Адам сердито посмотрел на нее.

— Значит, у моего сына будет время в одиночестве поразмыслить о своих грехах.

— Если мне позволено говорить прямо, я хотела бы предложить, чтобы мы пока узнали побольше о том, кто на самом деле совершил это преступление, дав знающему человеку осмотреть тело Генри. У сестры Анны есть немалый опыт…

— У монахини? — в голосе сэра Джеффри звучало неприкрытое презрение.

— Она первый помощник врача в Тиндале, и ее репутация…

— Я уже слышал эти сказки, леди Элинор. Не сомневаюсь, что касается больных детей и рожениц, тут она творит чудеса и достойна всяческих похвал. Но мой сын не был ни тем, ни другим.

Вчера за обедом вы говорили о нем несколько иначе, подумала Элинор, чувствуя, как кровь бросилась в лицо от того пренебрежения, с каким этот человек отверг помощь Анны.

— Милорд, она научилась медицине у своего отца, и ее искусство…

Лицо сэра Джеффри тоже налилось краской.

— По мне, миледи, будь она хоть святая. Она — женщина, а значит, по определению хрупкое создание, лишенное способности логически мыслить. Будучи таковой, она точно так же лишена возможности анализировать то, что видит, равно как и храбрости глядеть на изуродованное тело…

Тут он всхлипнул, отвернулся и закрыл лицо рукой.

— Да, безусловно…

— Хватит, Элинор! — грубо оборвал ее отец. — Вайнторп-Касл не Тиндал. Ты здесь не командуешь. Познания сестры Анны могут быть сколь угодно глубоки, и она оказала этому дому поистине неоценимую услугу, — он отвесил в сторону монахини поклон, — но сэр Джеффри не желает, чтобы она осматривала тело его сына. Это означает, что она не должна этого делать.
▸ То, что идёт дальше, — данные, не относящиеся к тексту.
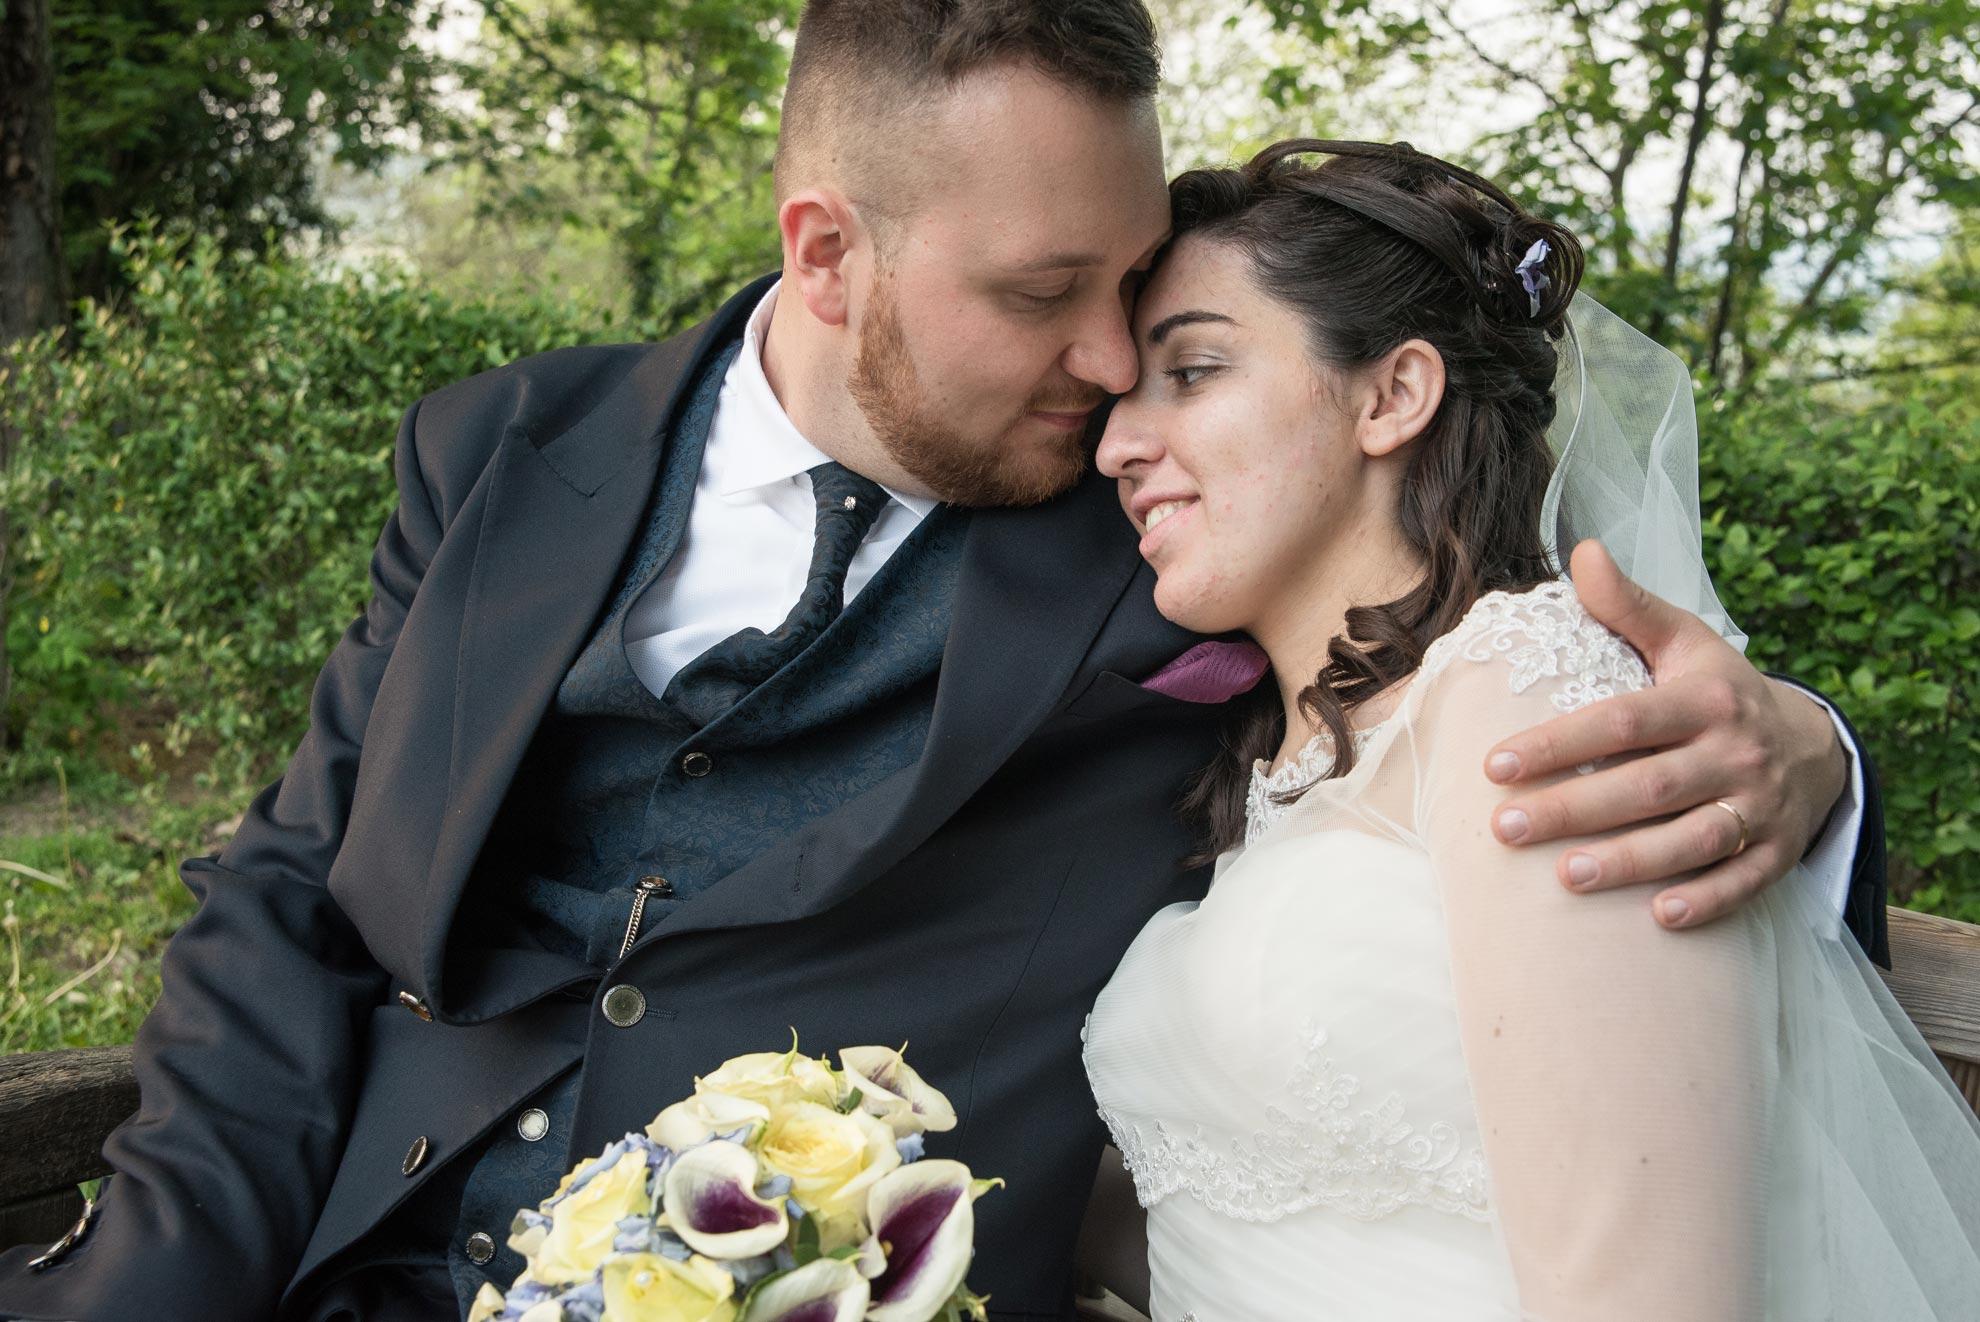 Matrimonio a Narzole Lorenza Diego - DSC 3339 - Fotografo matrimonio Piemonte - Fotografo matrimonio Piemonte

Пытаясь усмирить проснувшуюся в душе бессильную ярость, Элинор обернулась к сестре Анне. Хотя та сидела, низко опустив голову, но сумела искоса бросить взгляд на настоятельницу и подмигнуть ей. Элинор позавидовала ее таланту сохранять спокойствие и чувство юмора в подобных ситуациях.

— Вы правы, милорды, — наконец сказала она, удивляя саму себя выдержкой, — я забылась и должна просить прощения.

Однако про себя решила с угрюмой непреклонностью: если вам не нравится сестра Анна, будете иметь дело с кое-кем другим, кого я вам выберу.